### INSTRUCTIONS FOR THE TASK
A faithful copy of all the data is the goal; omit the pictures.

### RECORDED INFORMATION
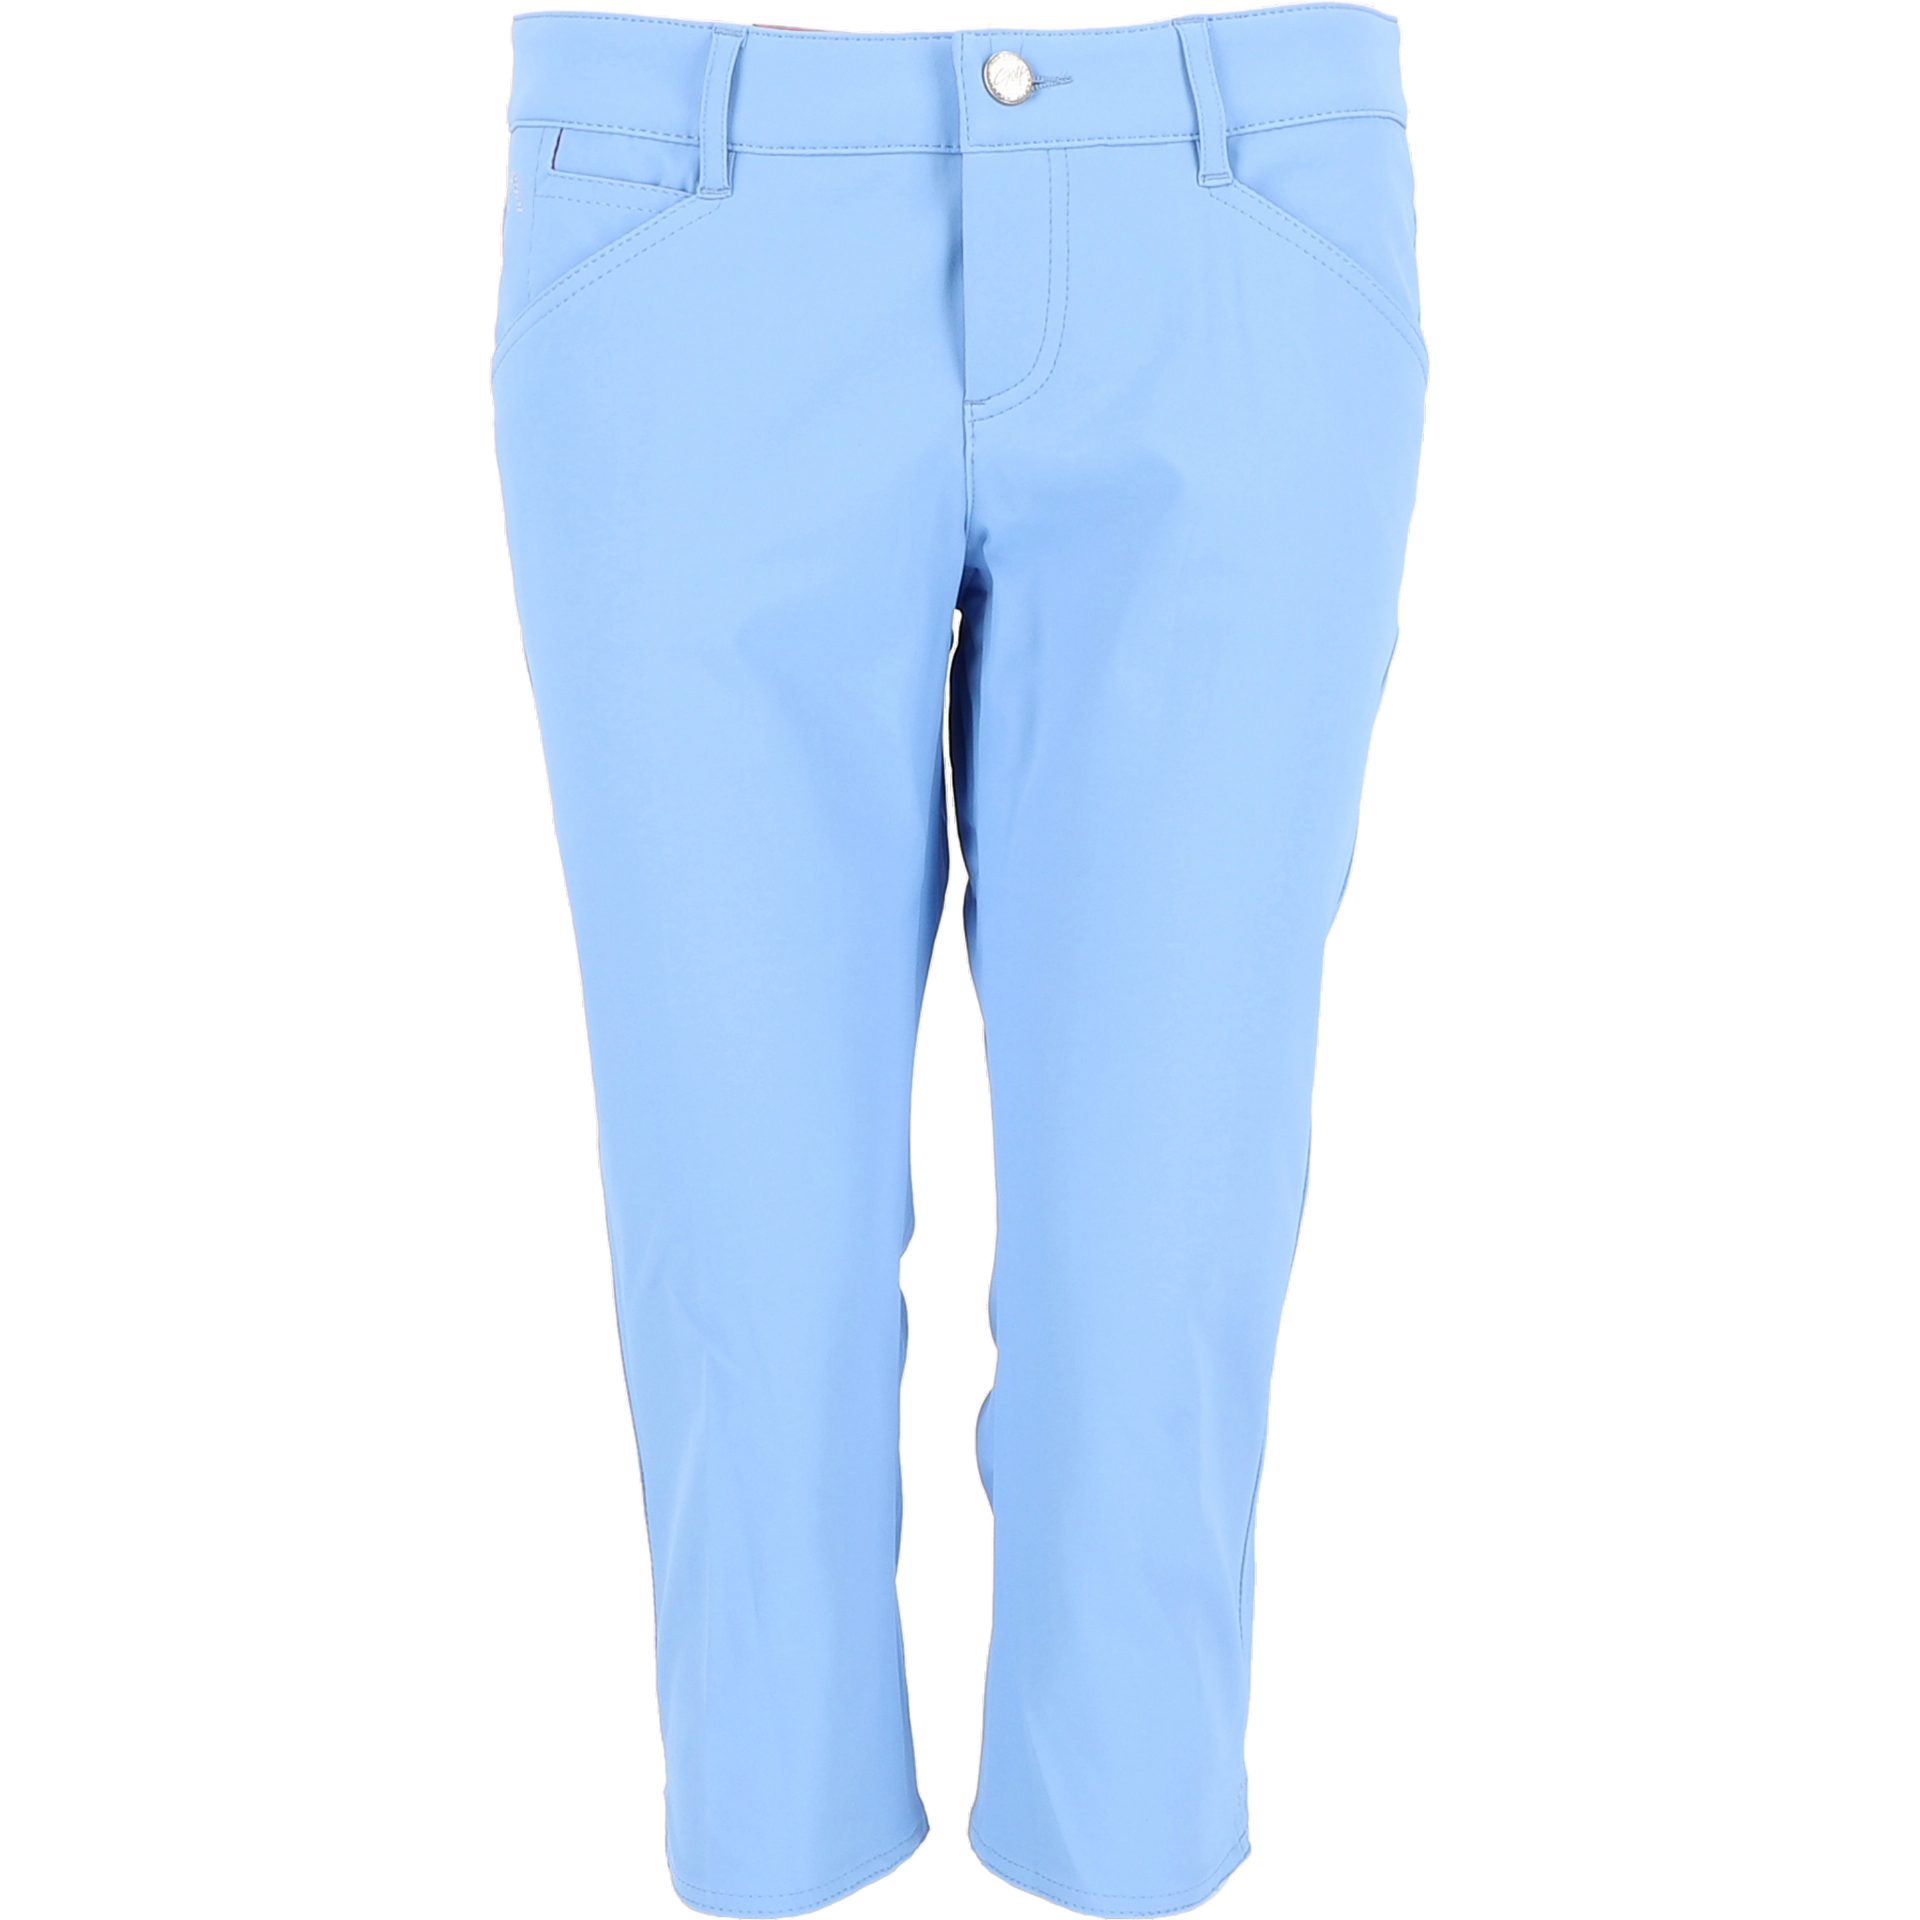 MONA-C Hose - 3xDRY Cooler, blau
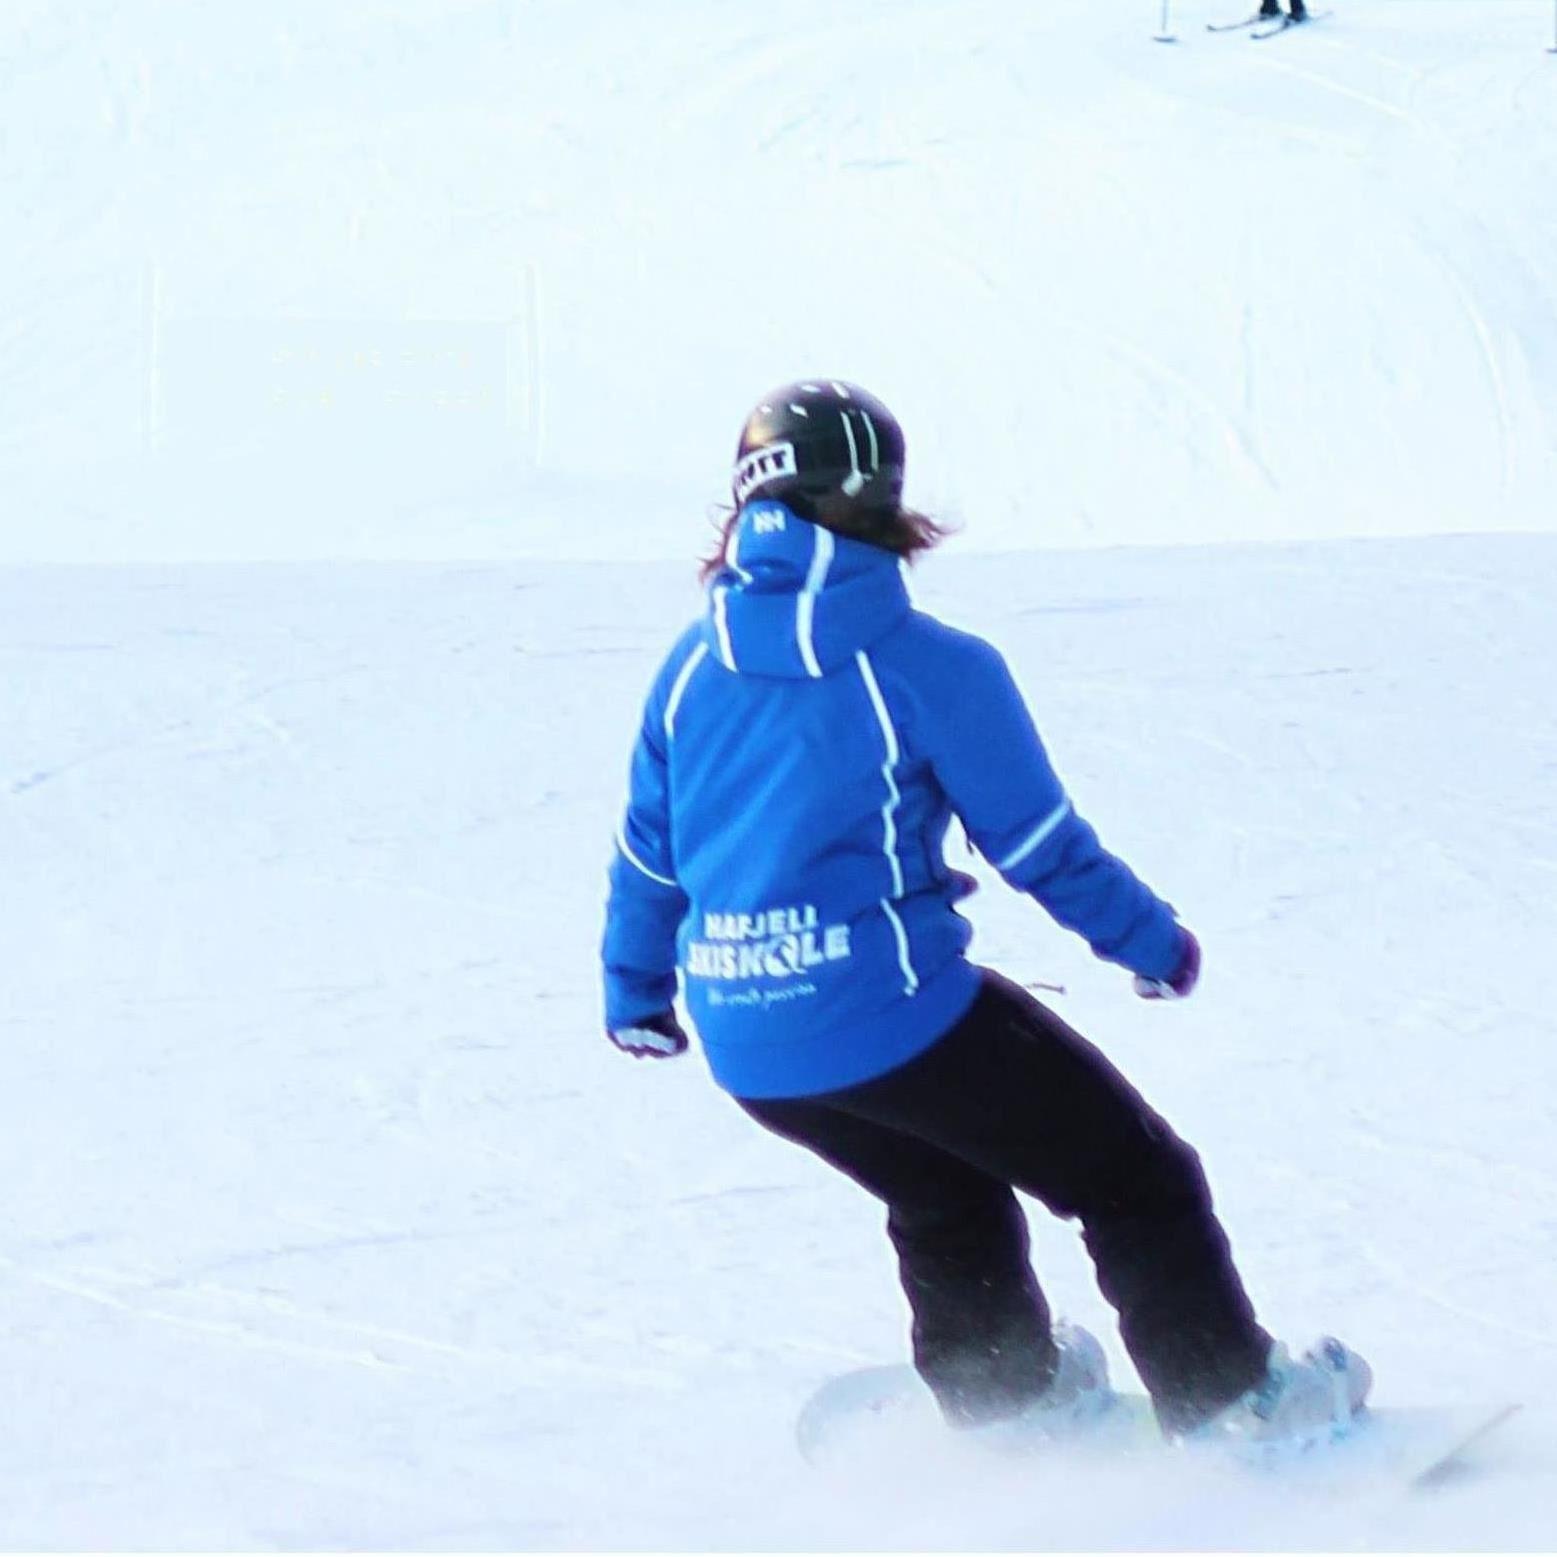 Grupper Snowboard Voksen 16+ år
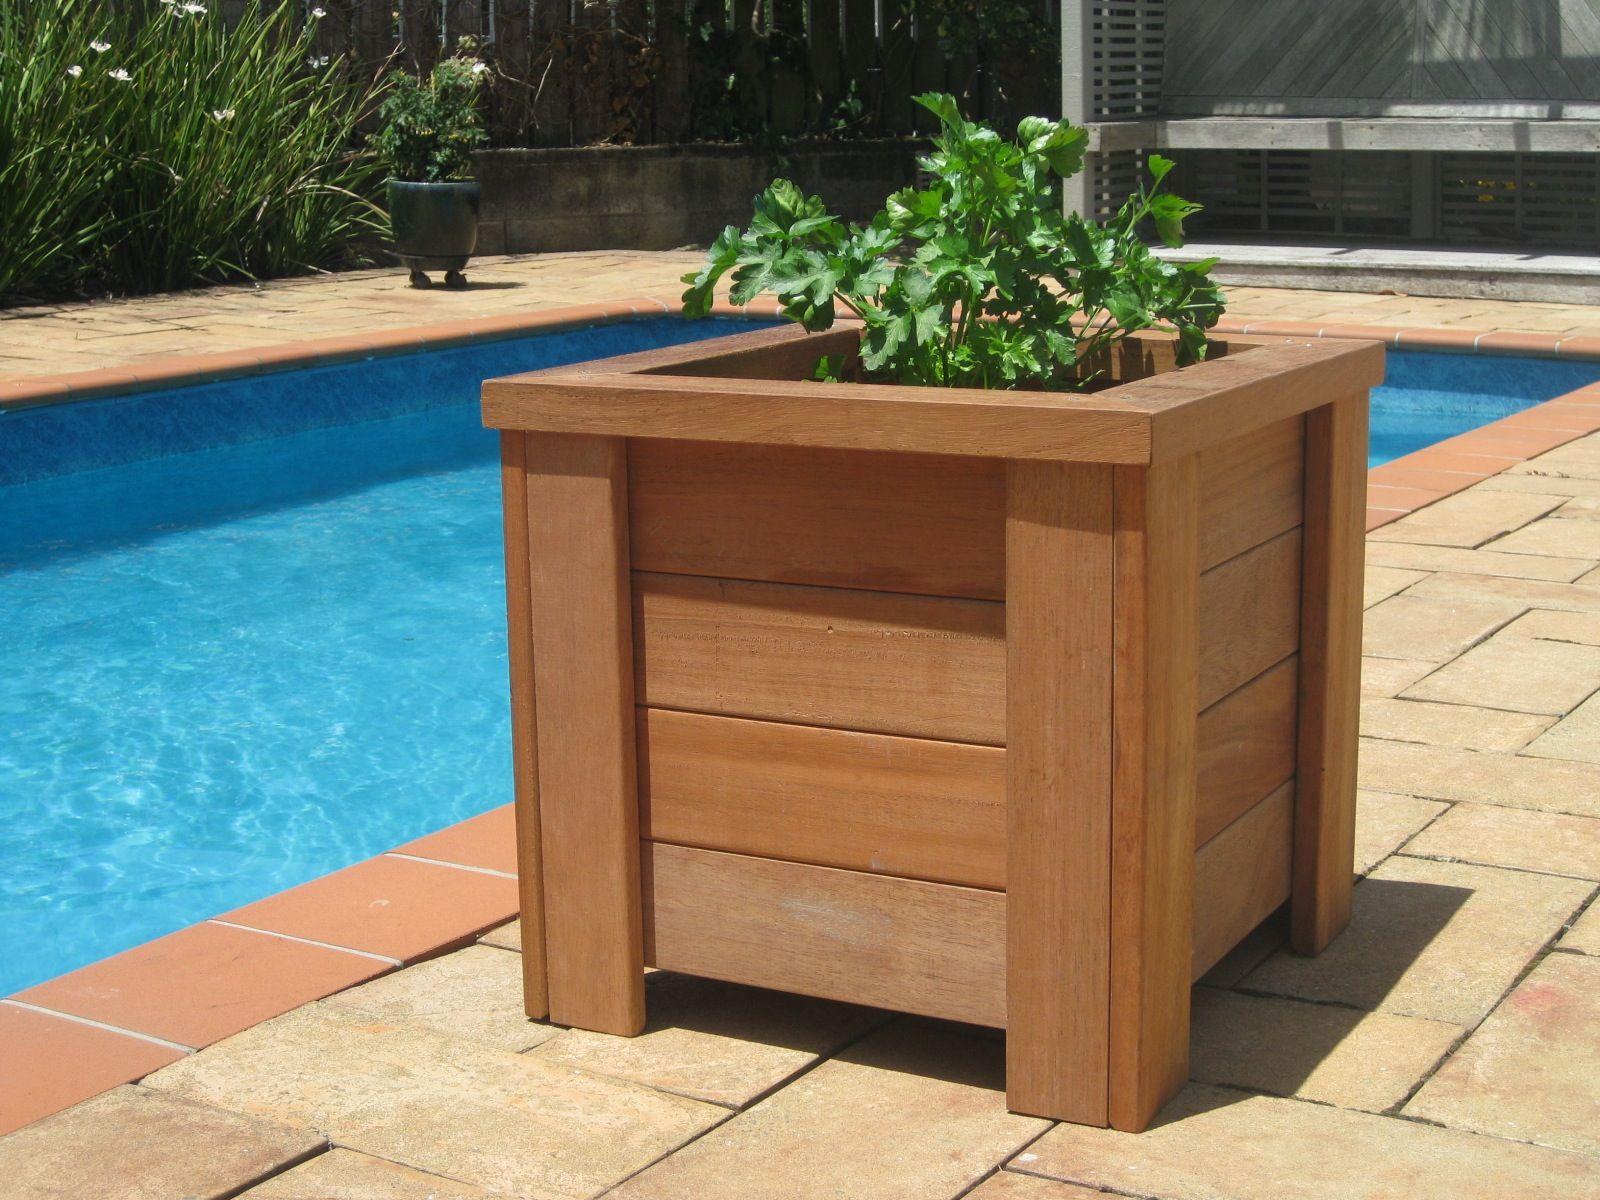 Planters Boxes Google Search Garden Planter Boxes Diy 400 x 300

### REPLY
 MONA-C Hose - 3xDRY Cooler, blau
 Grupper Snowboard Voksen 16+ år
 Planters Boxes Google Search Garden Planter Boxes Diy 400 x 300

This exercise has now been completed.